* Given records *

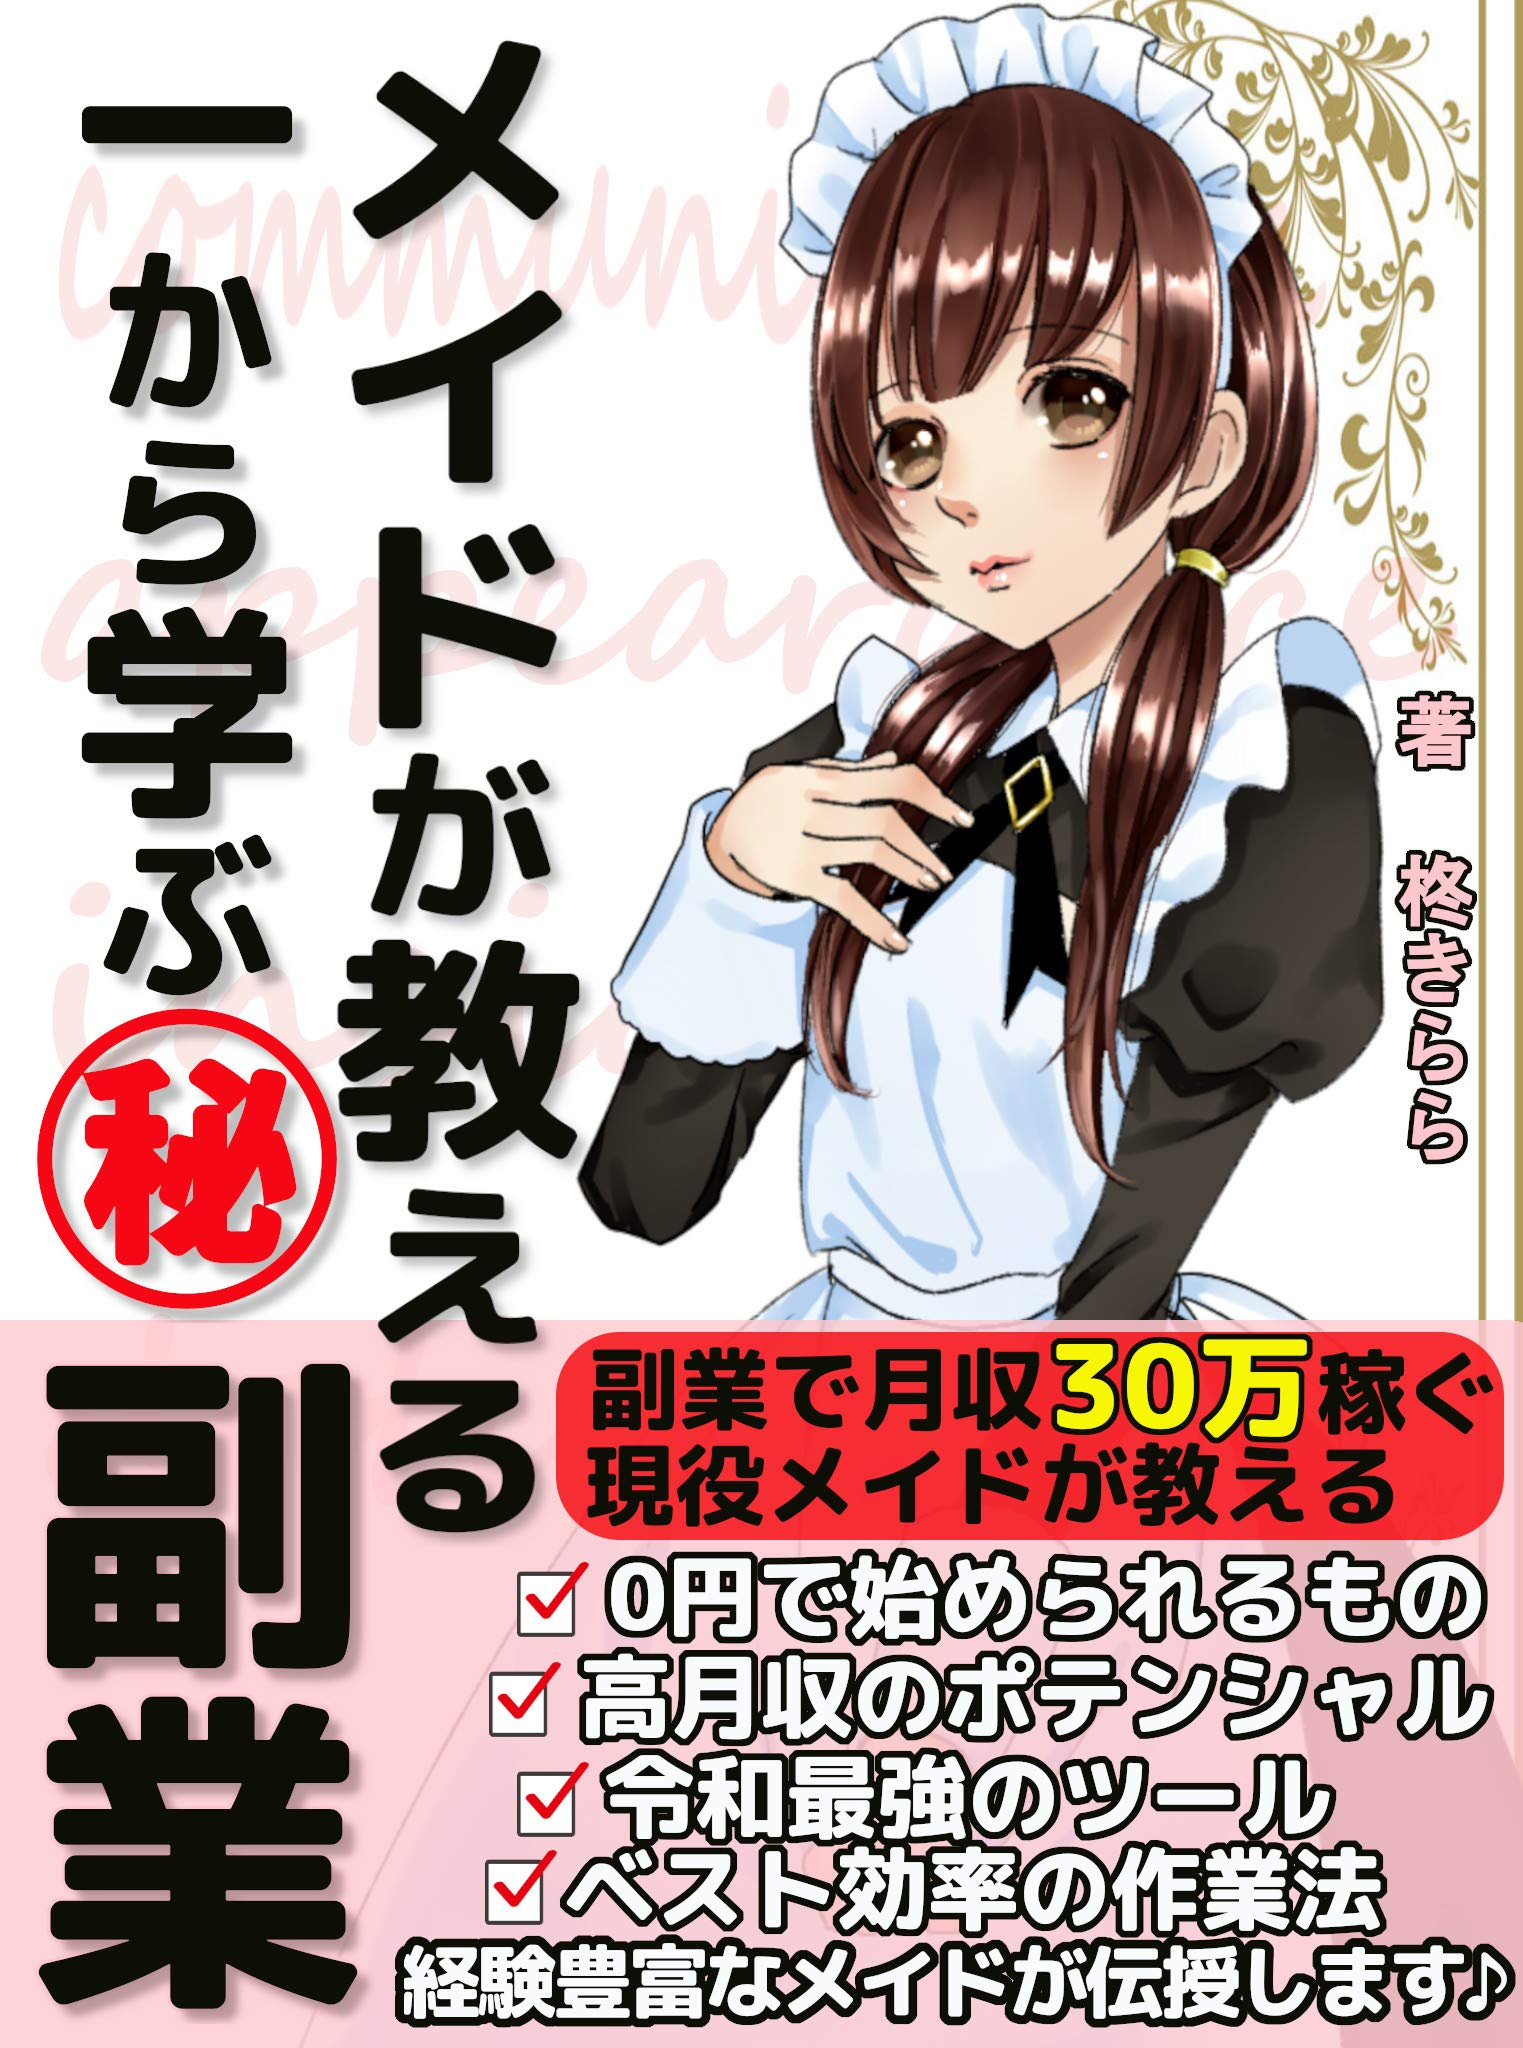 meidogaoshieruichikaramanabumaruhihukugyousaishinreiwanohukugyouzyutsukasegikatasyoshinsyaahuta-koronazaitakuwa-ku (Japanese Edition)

* * *

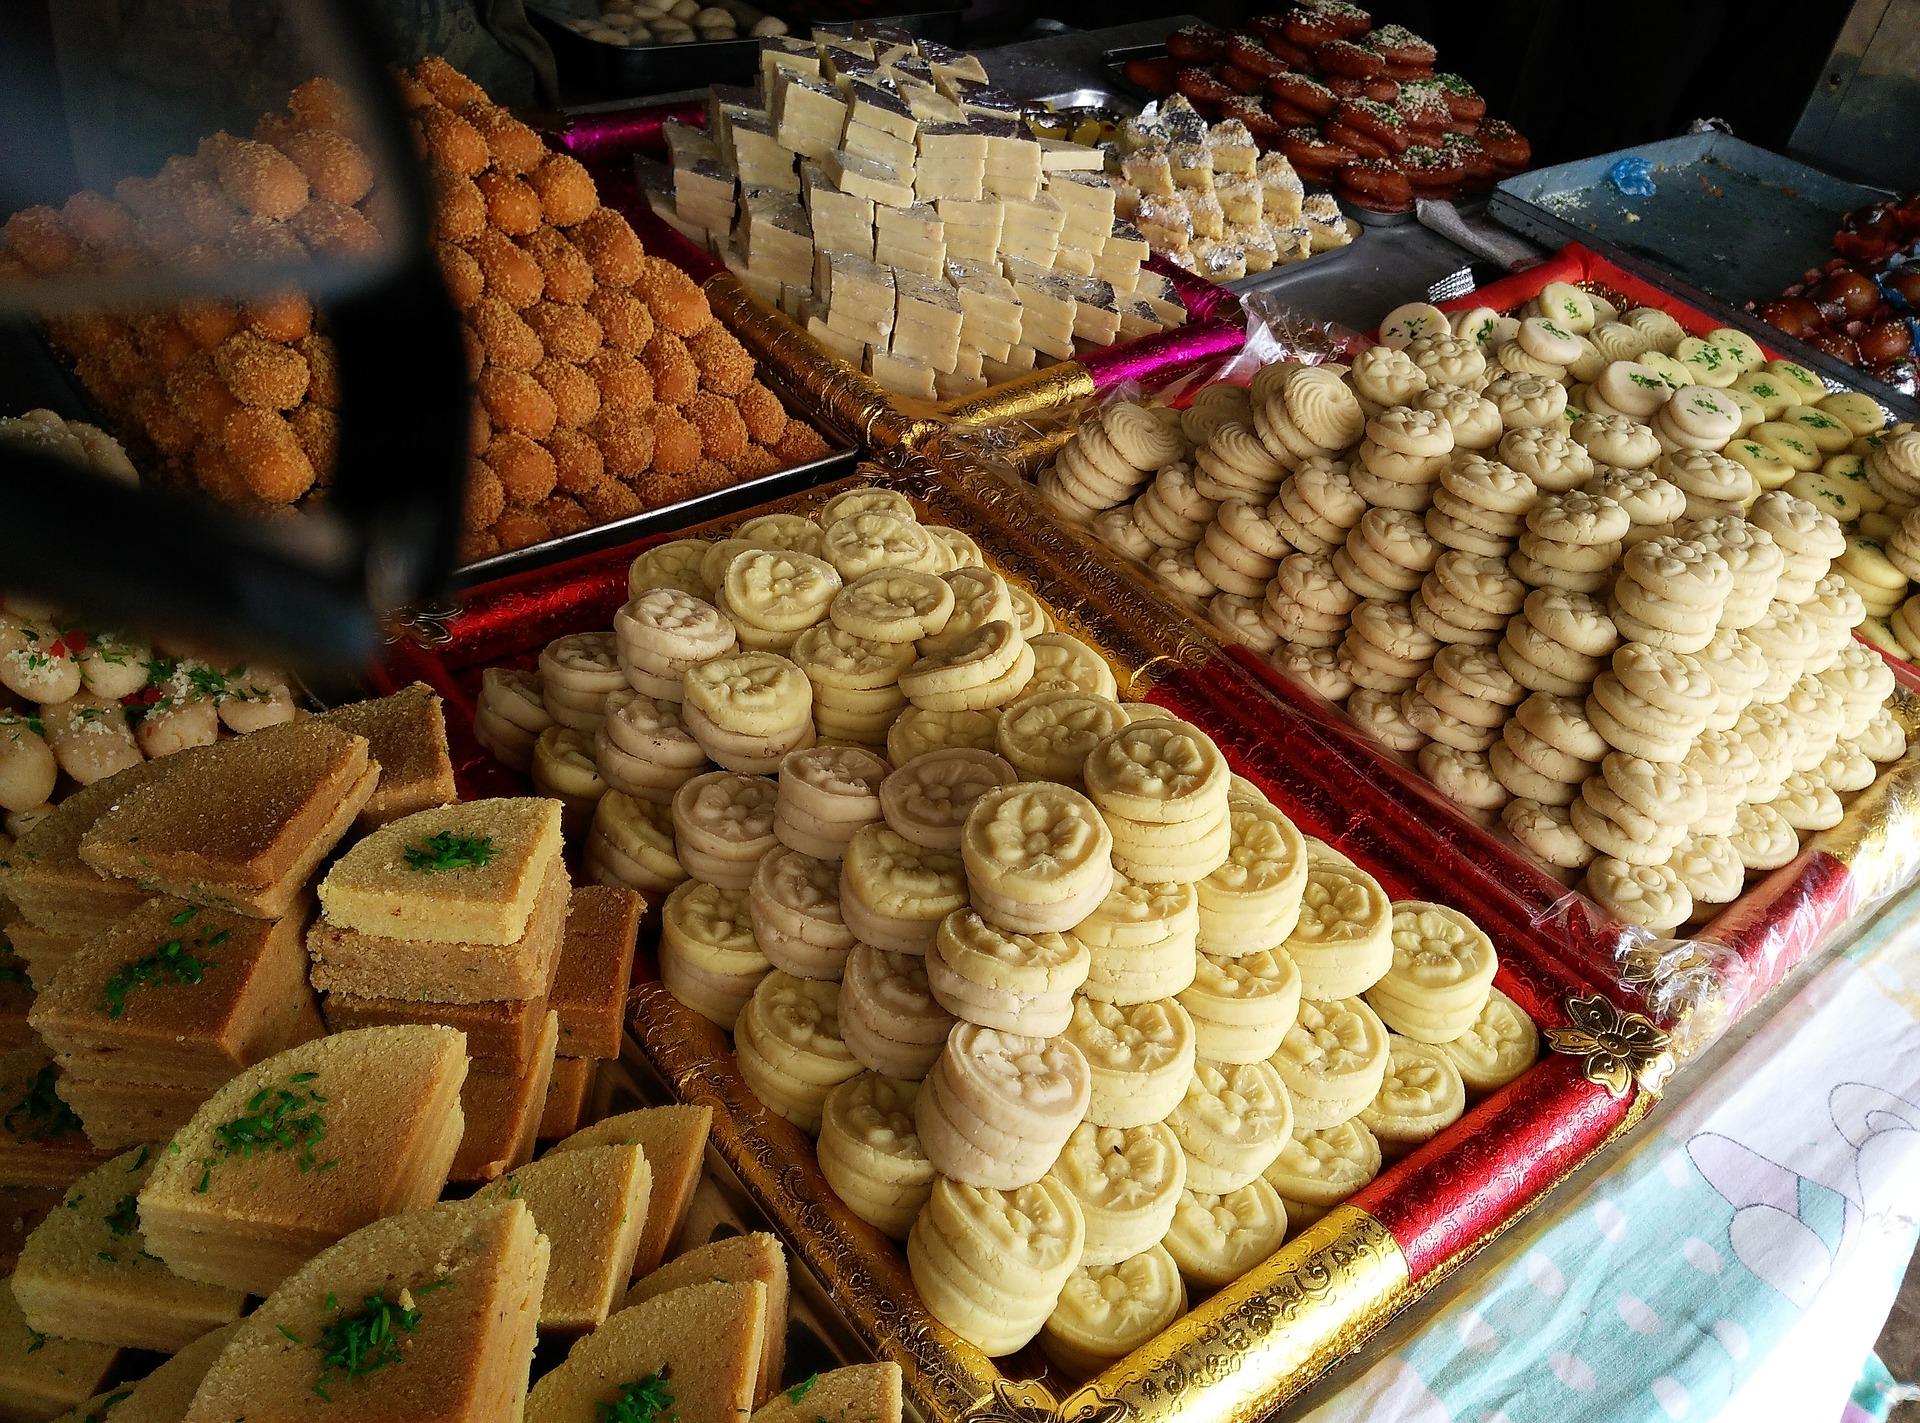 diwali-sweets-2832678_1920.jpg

* * *

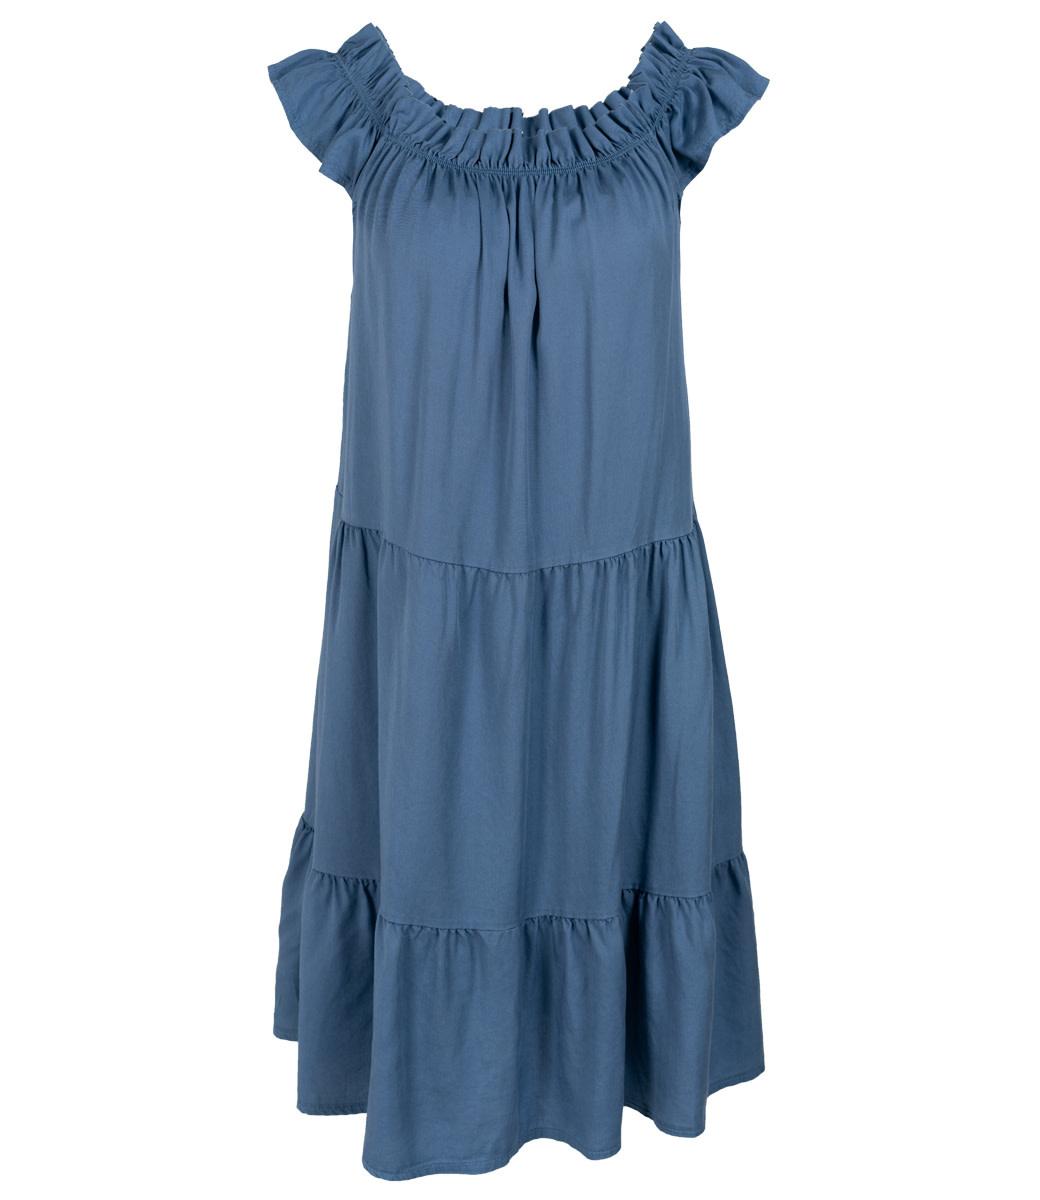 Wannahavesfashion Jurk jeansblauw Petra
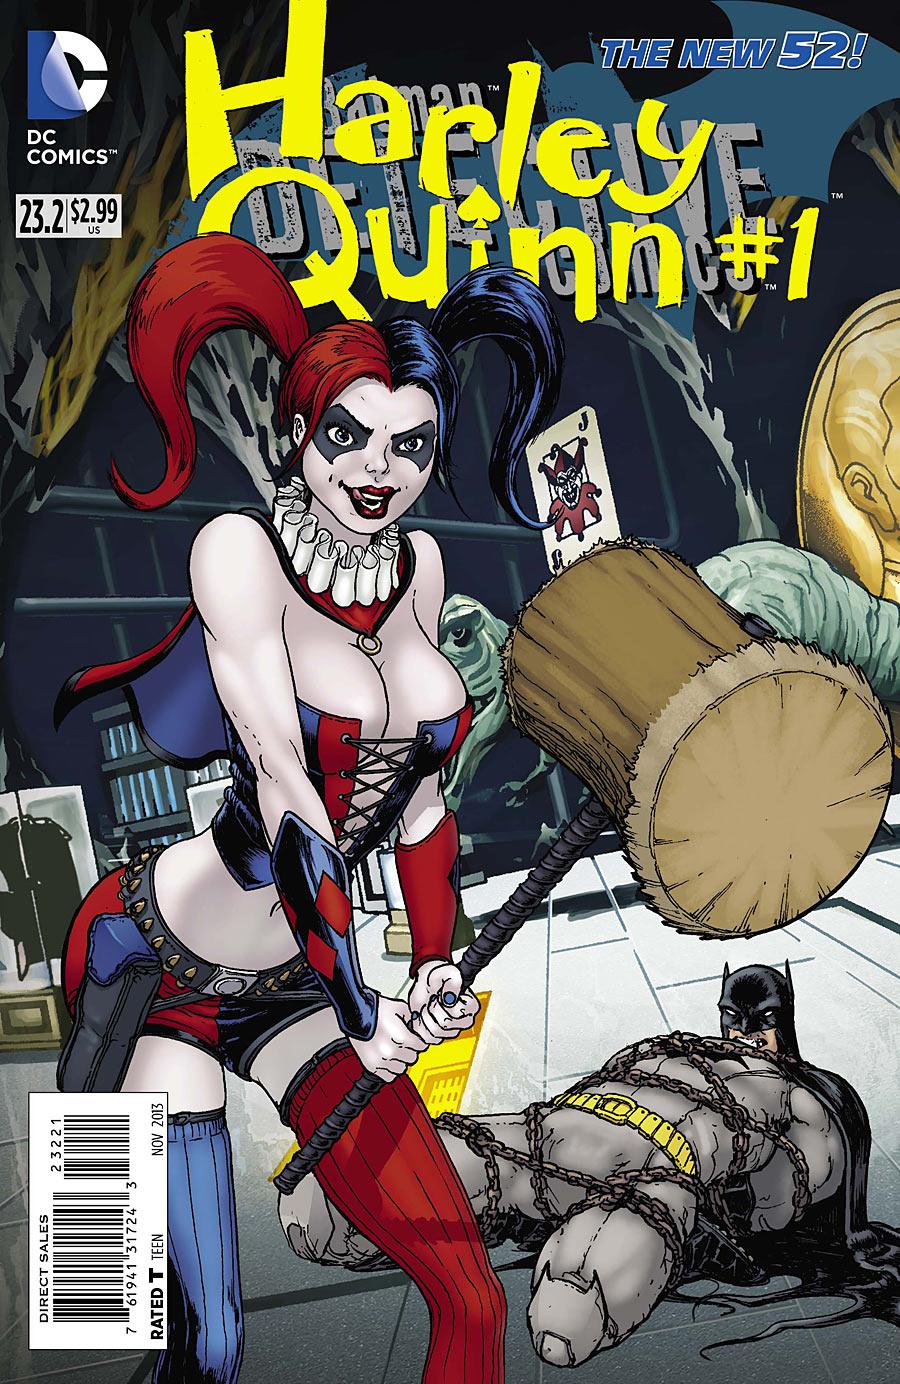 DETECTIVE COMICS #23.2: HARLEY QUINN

* What you have to do *
From the records above, give again only the part that opens with the line containing "Wannahavesfashion Jurk jeansblauw Petra" and closes with the line containing "DETECTIVE COMICS #23.2: HARLEY QUINN". Keep both ends but drop the pictures.

* Final answer *
 Wannahavesfashion Jurk jeansblauw Petra
 DETECTIVE COMICS #23.2: HARLEY QUINN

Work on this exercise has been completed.